**Central question: Is there a relation between a country's Gross Domestrict Product (GDP) and its income inequality?**

The Gini coefficient is a measure of the inequality of the income distribution in a population. Higher values
indicate a higher level of inequality.

In [30]:
import pandas as pd
import numpy as np
import matplotlib.pyplot as plt

#Import dataframes

gdp_path = '/content/drive/MyDrive/Datasets/gdp-per-capita-maddison-2020.csv'
df_gdp = pd.read_csv(gdp_path)

economic_inequality_path = '/content/drive/MyDrive/Datasets/economic-inequality-gini-index.csv'
df_economic_inequality = pd.read_csv(economic_inequality_path)



In [31]:
#GDP per capita measures the economic output of a nation per person. 
df_gdp
df_gdp.drop(columns='417485-annotations', inplace=True)

In [32]:
#De gini-coëfficiënt is doorgaans een getal tussen 0 en 1 en wordt soms uitgedrukt als percentage. 
#De waarde 0 correspondeert hierbij met volkomen gelijkheid en 1 correspondeert met volkomen ongelijkheid. 

df_economic_inequality

Unnamed: 0,Entity,Code,Year,Gini coefficient
0,Albania,ALB,1996,0.270103
1,Albania,ALB,2002,0.317390
2,Albania,ALB,2005,0.305957
3,Albania,ALB,2008,0.299847
4,Albania,ALB,2012,0.289605
...,...,...,...,...
2120,Zambia,ZMB,2010,0.556215
2121,Zambia,ZMB,2015,0.571361
2122,Zimbabwe,ZWE,2011,0.431536
2123,Zimbabwe,ZWE,2017,0.443371


To be able to answer this question you would want to calculate the "correlation coefficient" of the GDP and the Gini coefficient. But before you can do that you may need to resample the data so a correlation coefficient can be calculated.

In [39]:
#Merge tables on 'Entity' and 'Year'
left_merged = pd.merge(df_gdp, df_economic_inequality, how="left", on=['Entity', 'Year'])
new_df = left_merged[['GDP per capita', 'Gini coefficient']].dropna()
new_df.head(5)

Unnamed: 0,GDP per capita,Gini coefficient
121,3965.685303,0.270103
127,5608.962402,0.31739
130,6858.466797,0.305957
133,8522.129883,0.299847
137,9592.0,0.289605


In [40]:
#Calculate the correlation coefficient

new_df.corr()

Unnamed: 0,GDP per capita,Gini coefficient
GDP per capita,1.0,-0.432258
Gini coefficient,-0.432258,1.0


**Interpretation of the result:**
A Pearson Correlation of -0.43 refers to a low negative correlation. Meaning that the higher the GDP per capita, the lower the Gini coefficient. So in other words, the higher the economic output per capita, the lower the economic inequality in the respective country.  

In [41]:
#Do we have enough data to make this significant (p-value)?

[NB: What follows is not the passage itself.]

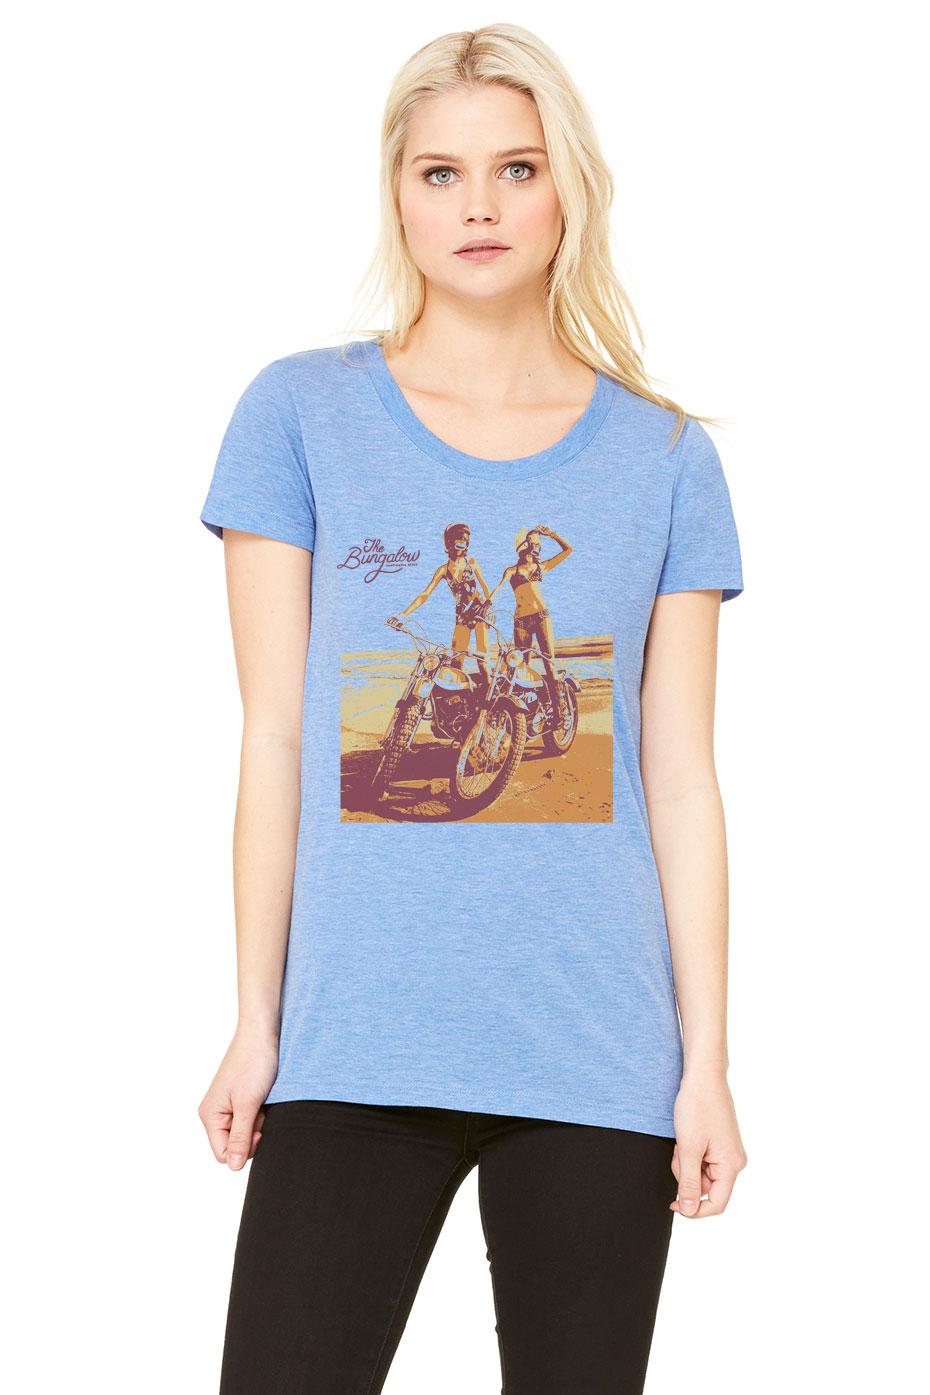 MOTO GIRLS BLUE TRIBLEND

from scipy.stats import pearsonr
pearsonr(new_df['GDP per capita'], new_df['Gini coefficient'])


(-0.4322580717577245, 2.705271601736767e-83)

The above shows the same correlation coefficient (-0,43) together with a p-value of 2.71e-83. When the p-value is below 0.5 we consider it as significant. So in our case we can conclude that there is a significant linear association between the two variables.